SPHHS faculty have written many of the textbooks for public health education, said Sara Wilensky, the director of the SPHHS undergraduate program, including “Public Health 101: Healthy People-Healthy Populations” and “Essentials of Health Policy and Law.”

The SPHHS offers undergraduate majors in athletic training, exercise science, and public health and a minor in public health.

“Other schools don’t really know that the school exists,” Wilensky said.

She thinks the reason students are unaware of the program is because of its small size and that students start taking classes from the school in their junior and senior years, something Wikensky hopes to change.

“One thing we’ve been working on the past couple years is increasing our sections so that more freshman and sophomores can get a taste of public health before they declare a major,” Wikensky said.

The school began offering undergraduate majors in 2003, the same year that the Institute of Medicine of the National Academies said “all undergraduates should have access to education in public health,” according to the American Association of Colleges and Universities’ Web site.

In the United States, only 137 college institutions offer undergraduates access to public health courses, according to the AAC&U peer review report.

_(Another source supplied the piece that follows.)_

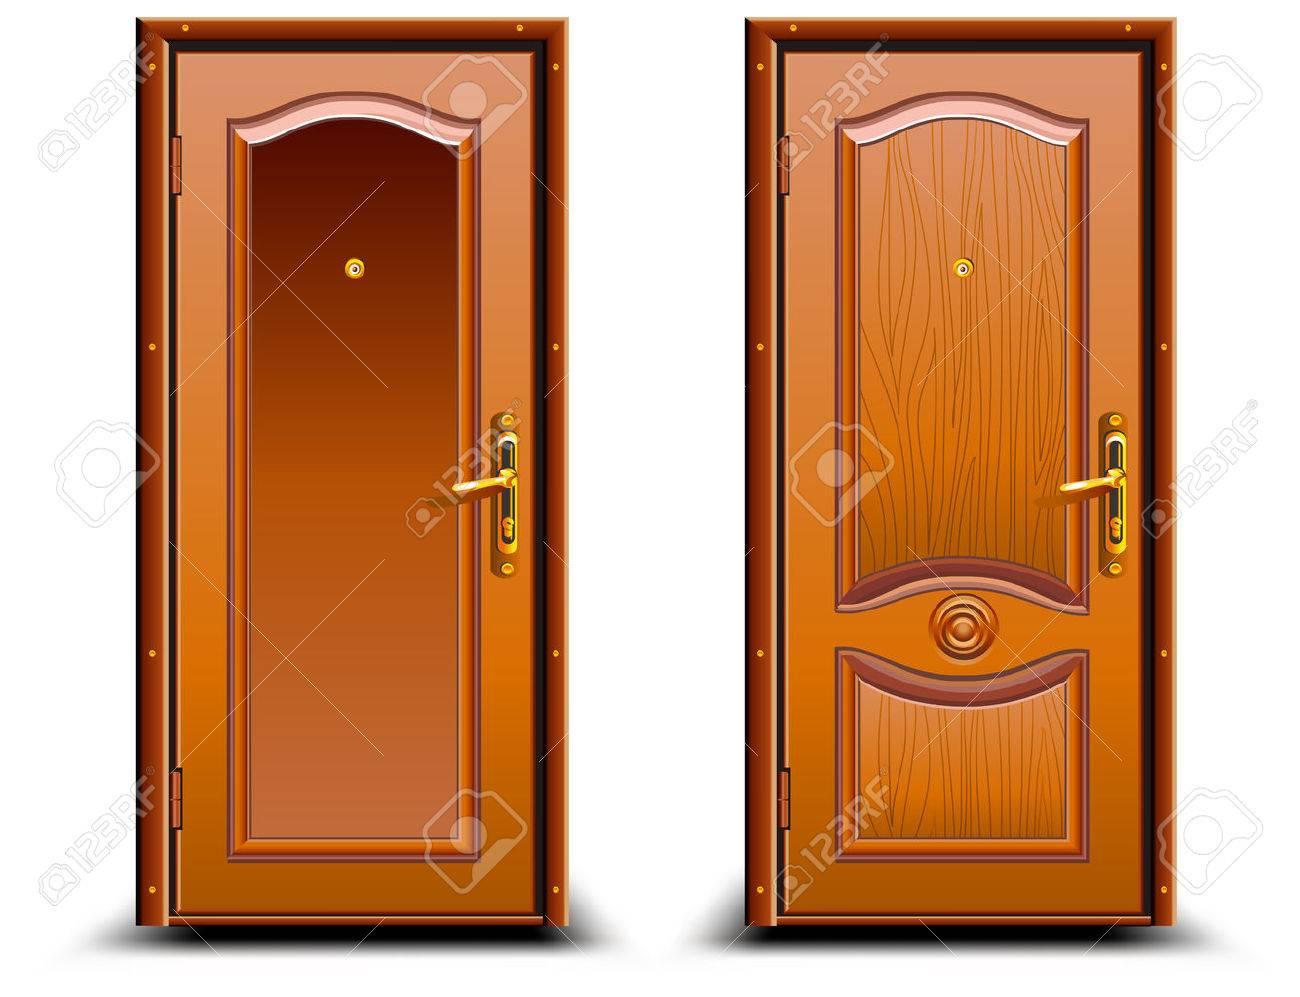 puerta cerrada de madera marrn con diseo clsico de bloqueo la ilustracin foto de
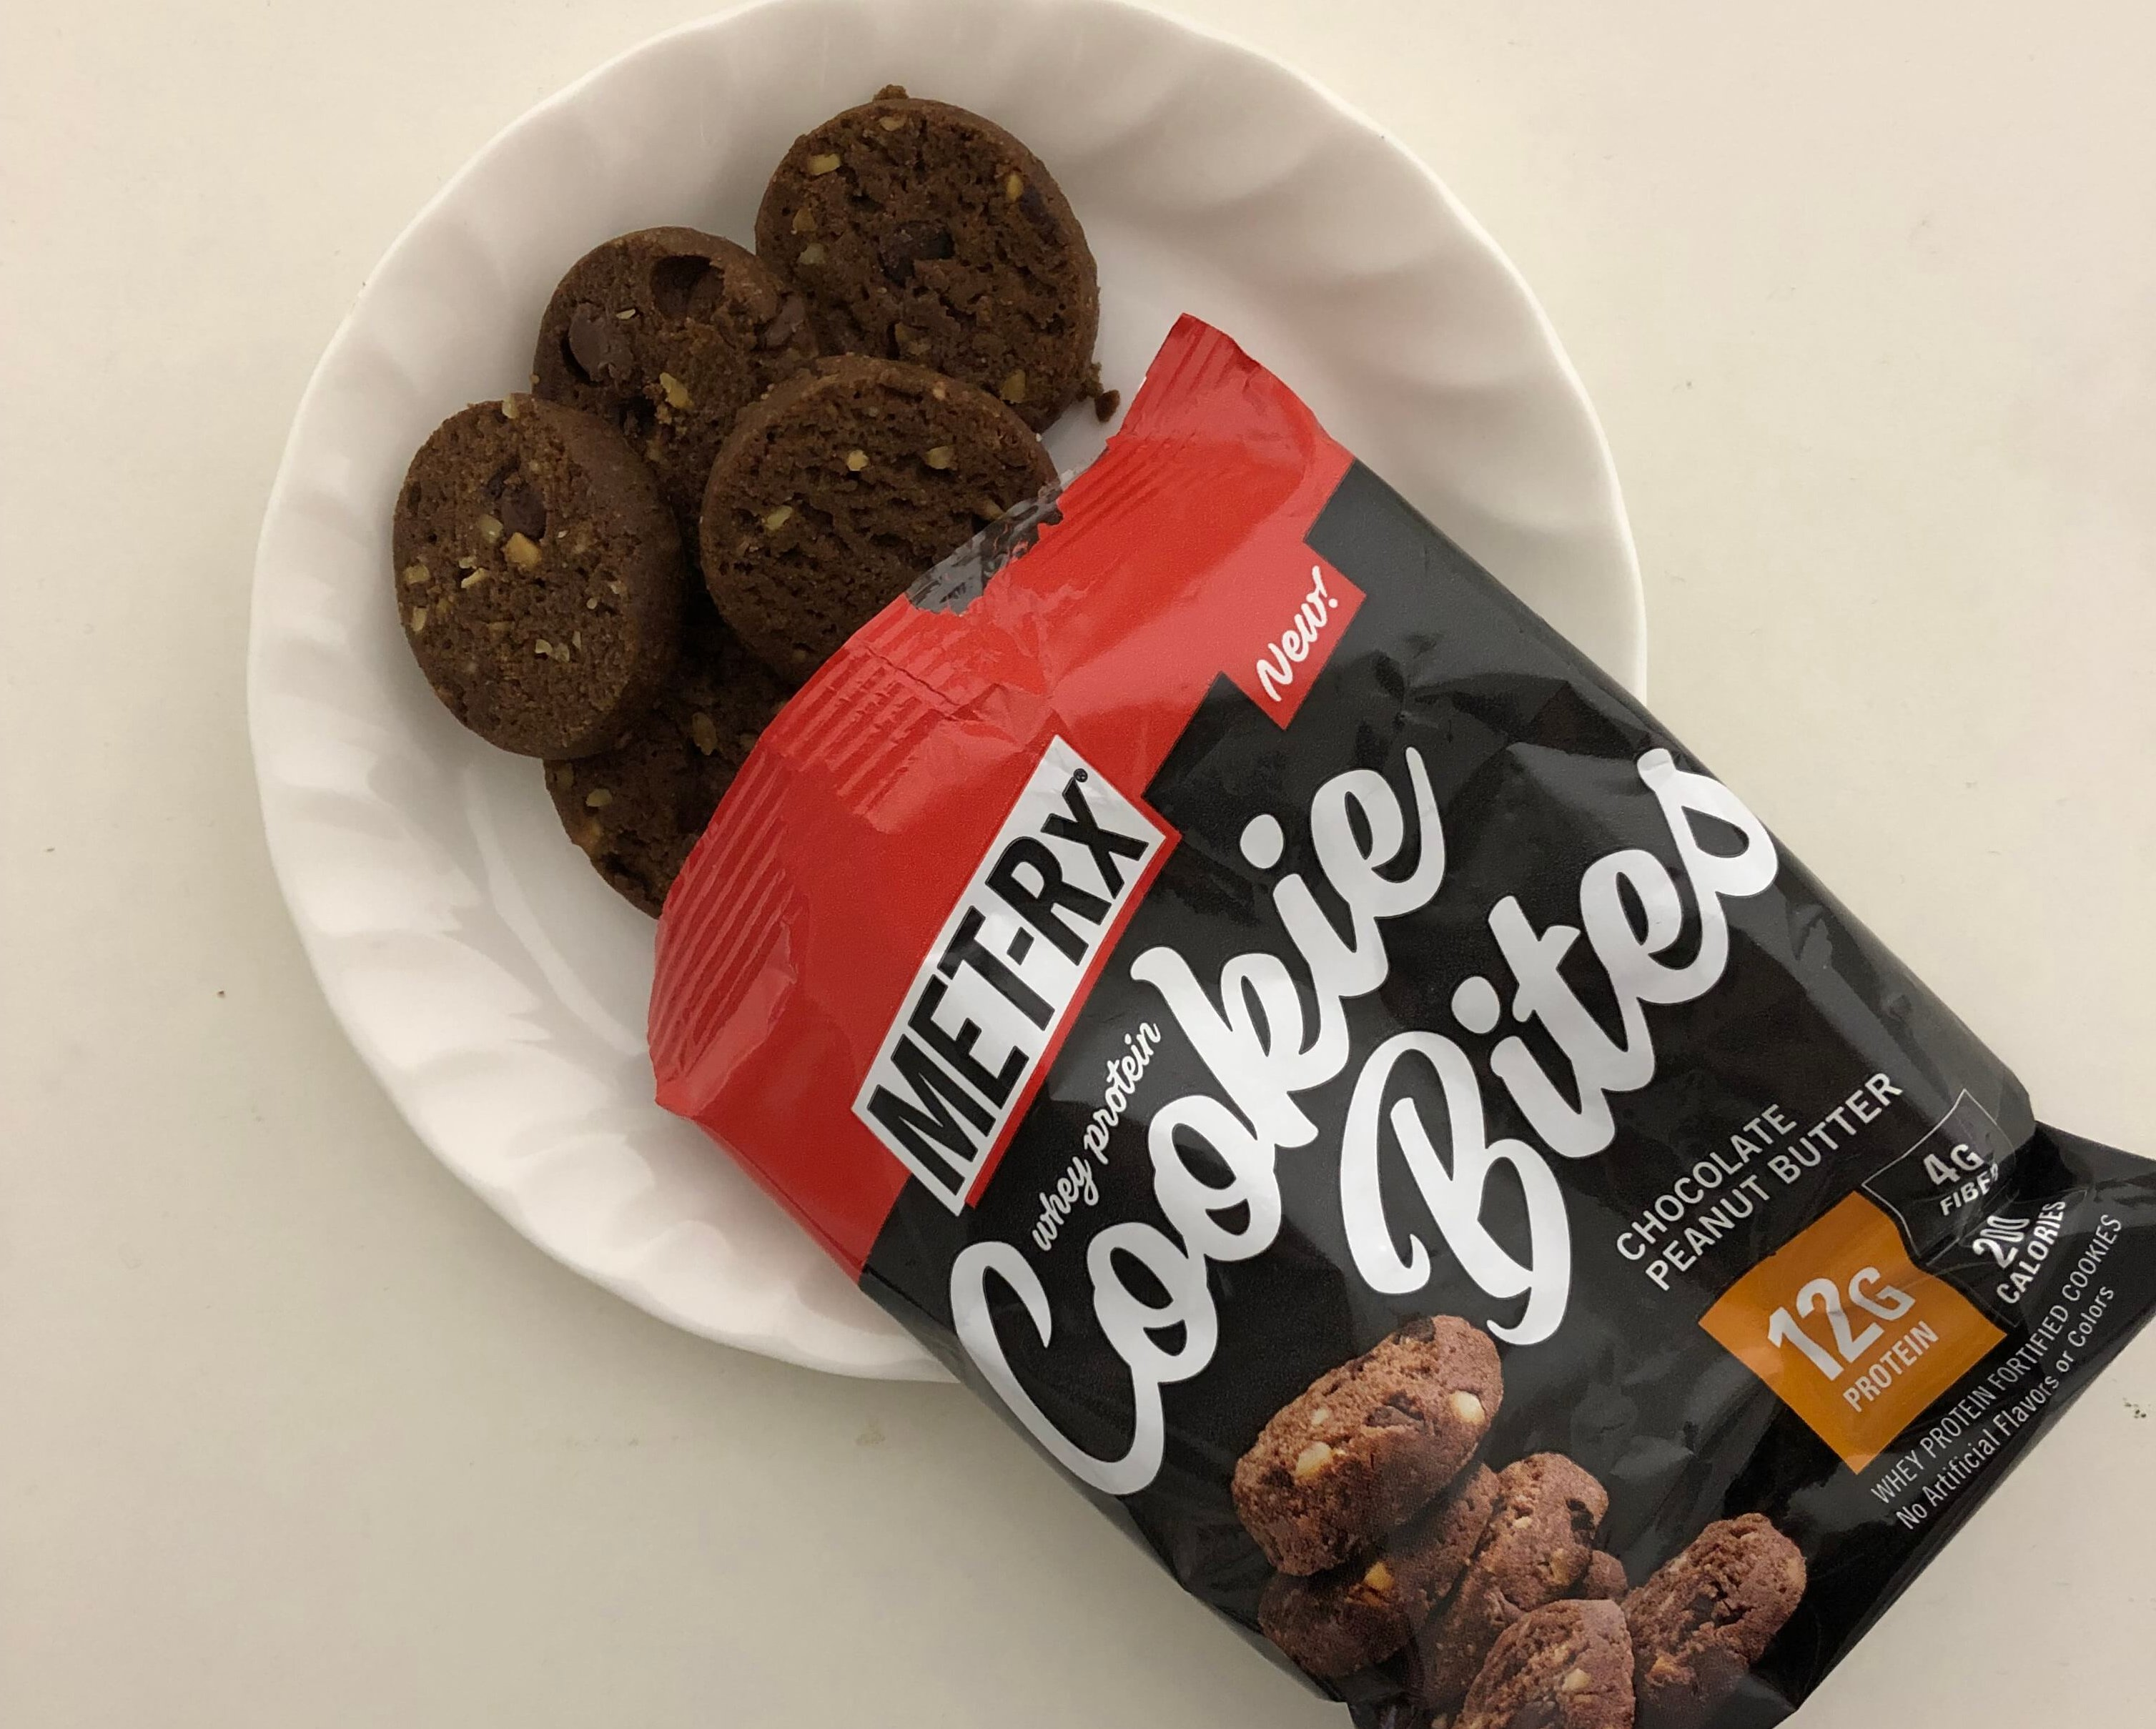 【iHerb】プロテインクッキーが美味しくておすすめ

Other universities looking to establish a public health school are using SPHHS as a model for their programs, according to an article published in the Chronicle of Higher Education. In the article, University of South Carolina associate dean Gregory Hand said he hopes to recreate GW’s program at his school.

“We really looked at George Washington University’s undergraduate program as a model here,” Hand said to the Chronicle. “We wanted to use a broad liberal arts framework, and not simply set up vocational programs in health education or health promotion.”

SPHHS also offers students direct access to the authors of their textbooks. In some cases the books are the only textbooks available that cover their subjects, Wikensky said.